About O₂nix Bio
O₂nix Bio is an oncology therapeutics company developing pro-oxidant medicines designed to exploit oxidative stress vulnerabilities in metastatic cancer. Founded in 2025 and based in Boston, the company is building on more than a decade of foundational research in metastasis biology and RNA modifications, with peer-reviewed work published in Nature (2015) and Nature Cancer (2024).
Our Mission
To transform metastatic cancer from a terminal diagnosis into a manageable chronic disease by selectively targeting the stress-adaptation pathways metastatic tumors depend on for survival.
Our Approach
Metastasis kills most cancer patients, yet there are no FDA-approved therapies that specifically target metastatic spread. Standard of care is palliation.
We develop first-in-class small-molecule therapies that disable the redox-buffering machinery metastatic cells require to colonize distant organs and resist standard-of-care treatment. By layering our therapies onto established oncology regimens, we aim to deepen and prolong response, delay resistance, and extend patient survival.

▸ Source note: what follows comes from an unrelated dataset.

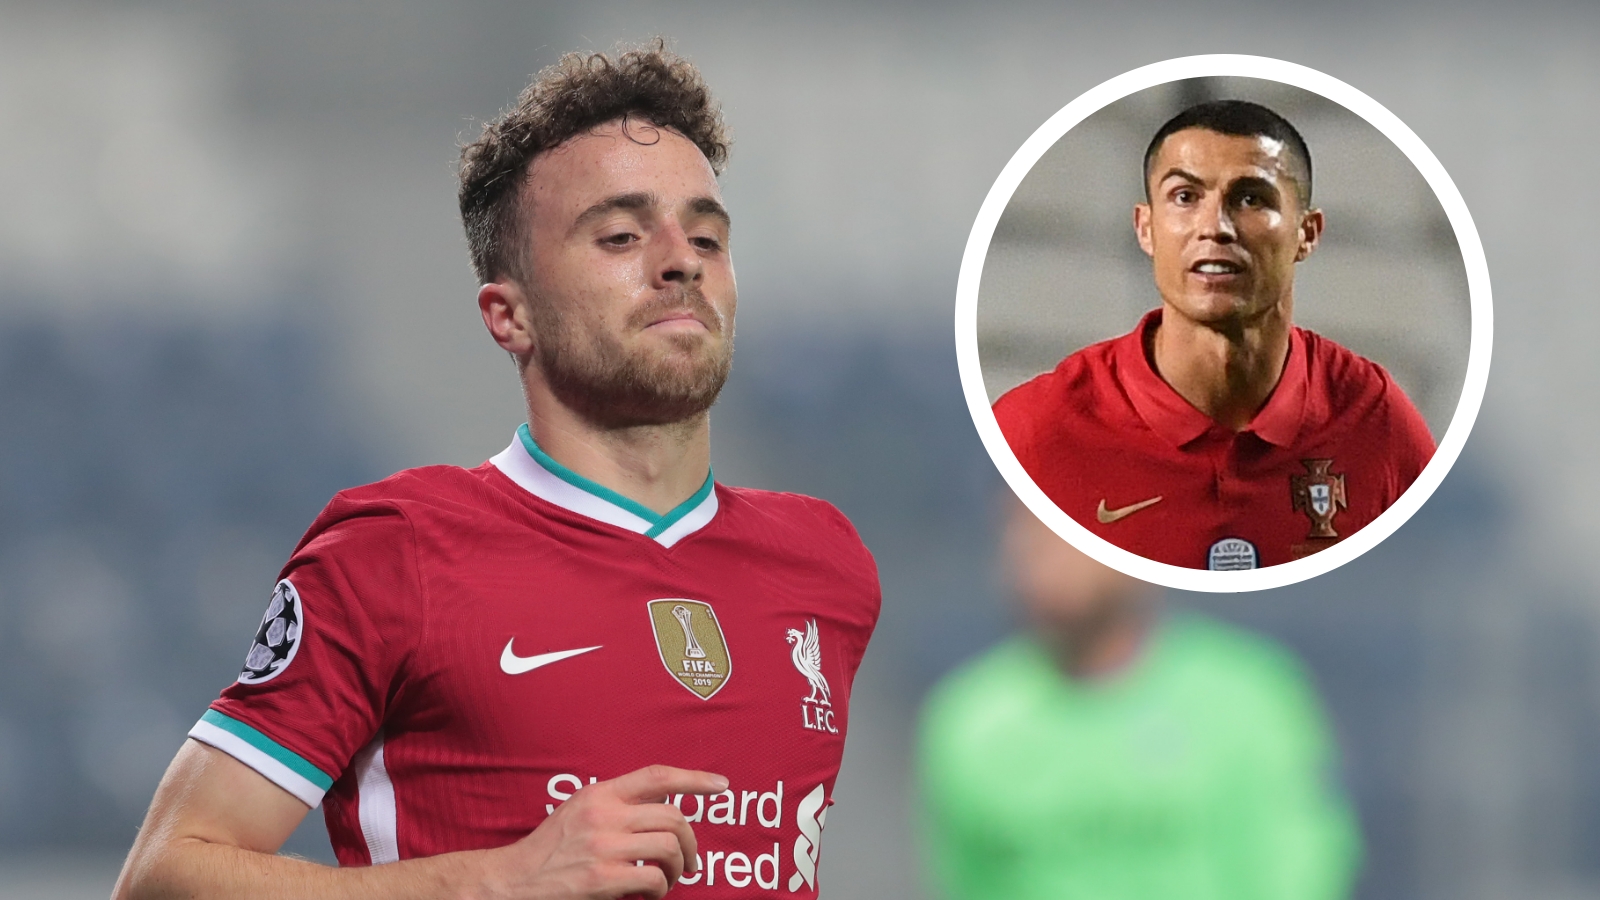 Jota tipped to be Ronaldo’s successor by former coach as he lives up to big billing with Liverpool

Our lead program targets FTSJ1, an RNA-modifying enzyme central to the oxidative stress survival of metastatic tumors — a first-in-class druggable target. We are advancing this program in collaboration with Synfini Inc., an AI-driven drug discovery platform.
Why Now
Three converging shifts make this the moment to build a metastasis-targeted company:
RNA biology has matured into a drug discovery field. Storm Therapeutics, Tevard Biosciences, and Alltrna have attracted significant institutional capital, validating RNA modifications as a therapeutic axis.
AI-driven medicinal chemistry compresses cost and timeline. Through our Synfini partnership, industry-grade chemistry is accessible at the earliest stage — hit scaffolds in months, not years.
Metastasis is emerging as a distinct therapeutic category. A new generation of metastasis-focused biotechs has been funded over the past five years. O₂nix Bio is the only company at the intersection of redox biology, RNA epigenetics, and metastasis.